If the future value of your investment is FV, and the present value is PV, then FV=PV(1+i)^y, where i is the interest rate per period and y is the number of periods the investment accumulates interest. For a traditional 401k, taxes are applied after interest has compounded, i.e. FV=(PV(1+i)^y)(1-t0). With the Roth option, taxes are applied to the present value, before interest accumulates, i.e. FV=(PV(1-t1))(1+i)^y. Because of the commutative property (not “law”) of multiplication, and assuming t1=t0, the FV is the same for both options. So although it seems that your earnings would grow tax-free for the Roth option, in fact, it’s more like the government taxes your earnings before you earn them.

By: TFB

TFB — Mon, 31 Mar 2008 22:16:00 +0000

Kyle - I hear you. The contribution limit is a problem, but only if you hit the limit. If contributing to a Roth IRA means contributing more, you can also increase the contribution to the traditional 401k instead. According to this study by Vanguard, only 10% of people max out their 401k. If you are one of the 10%, then yes, Roth means you can contribute more. For the other 90%, instead of contributing to Roth, they can also increase their 401k contributions. Then this math law applies.

By: kyle

kyle — Mon, 31 Mar 2008 18:21:00 +0000

I disagree with your application of the commutative law to IRAs.
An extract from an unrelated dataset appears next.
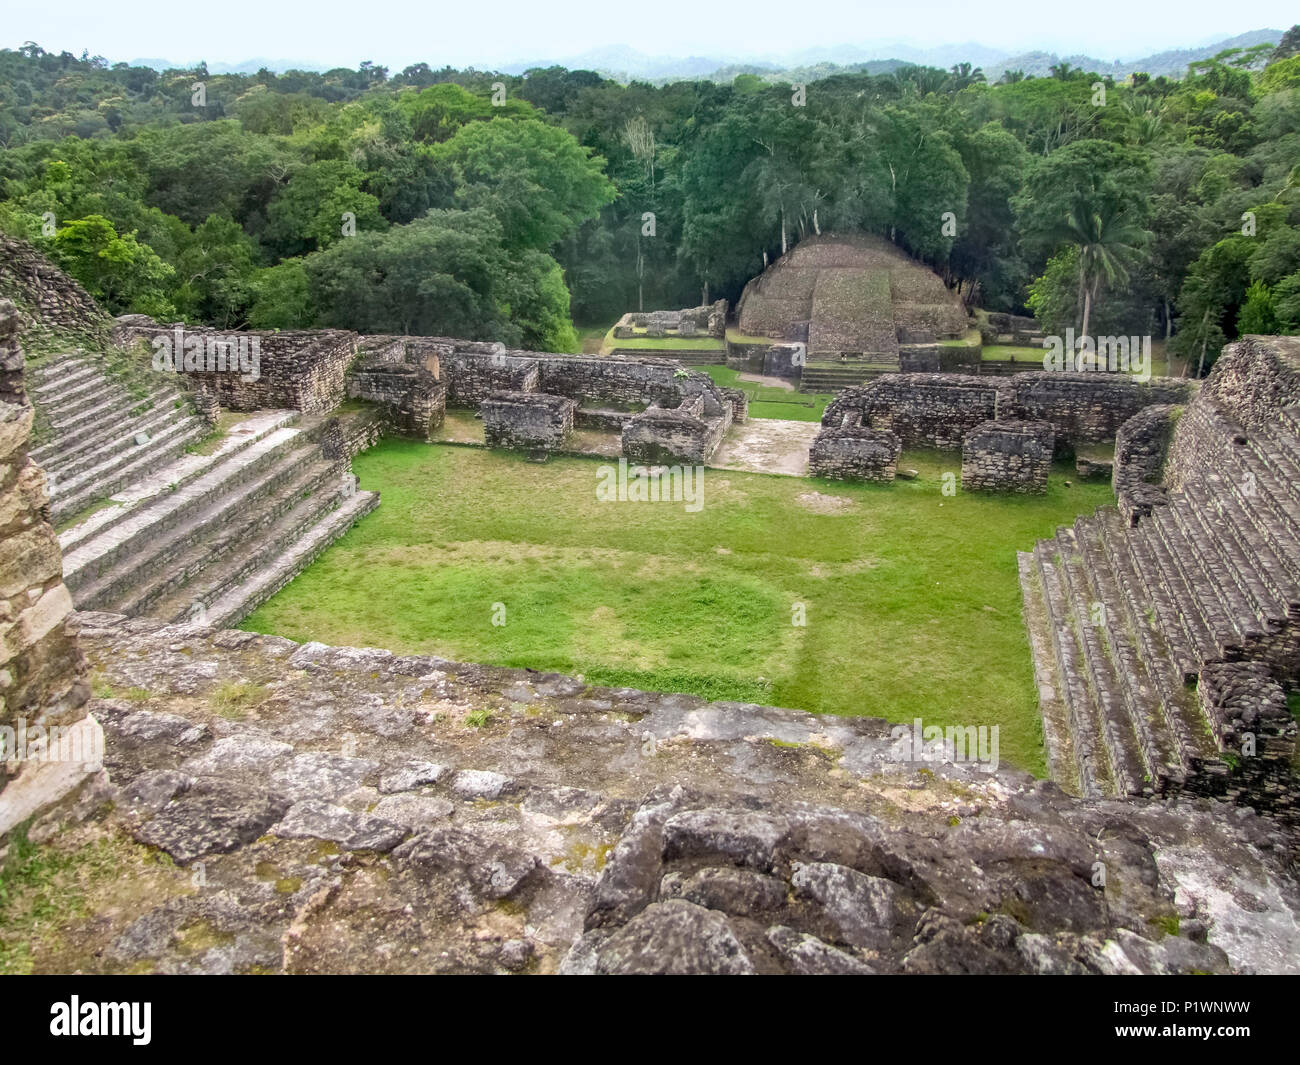 high angle shot showing the ancient Maya archaeological site named Caracol located in Belize in Central America Stock Photo

You’re forgetting the effect of contribution limits. By using a Roth IRA you can pay the taxes from your other income, effectively increasing the amount you can contribute. If you put the money in a traditional IRA, on the other hand, you may end up paying taxes the taxes from your distributions if you don’t other income to pay them.

By: Anonymous

Anonymous — Wed, 27 Jun 2007 12:31:00 +0000

Thank you for this post. The Simple Dollar is, for whatever reason, a very popular sight despite the fact that (1) his posts usually lack content and (2) when he does have something, he often gets it wrong. I've followed his logic with squinted eyes since the get-go.

That said, I have enjoyed your postings. Relevant and factual. And you don't feel some mandate to have six posts a day just to have six posts. Keeps it 'simple'.

-Mike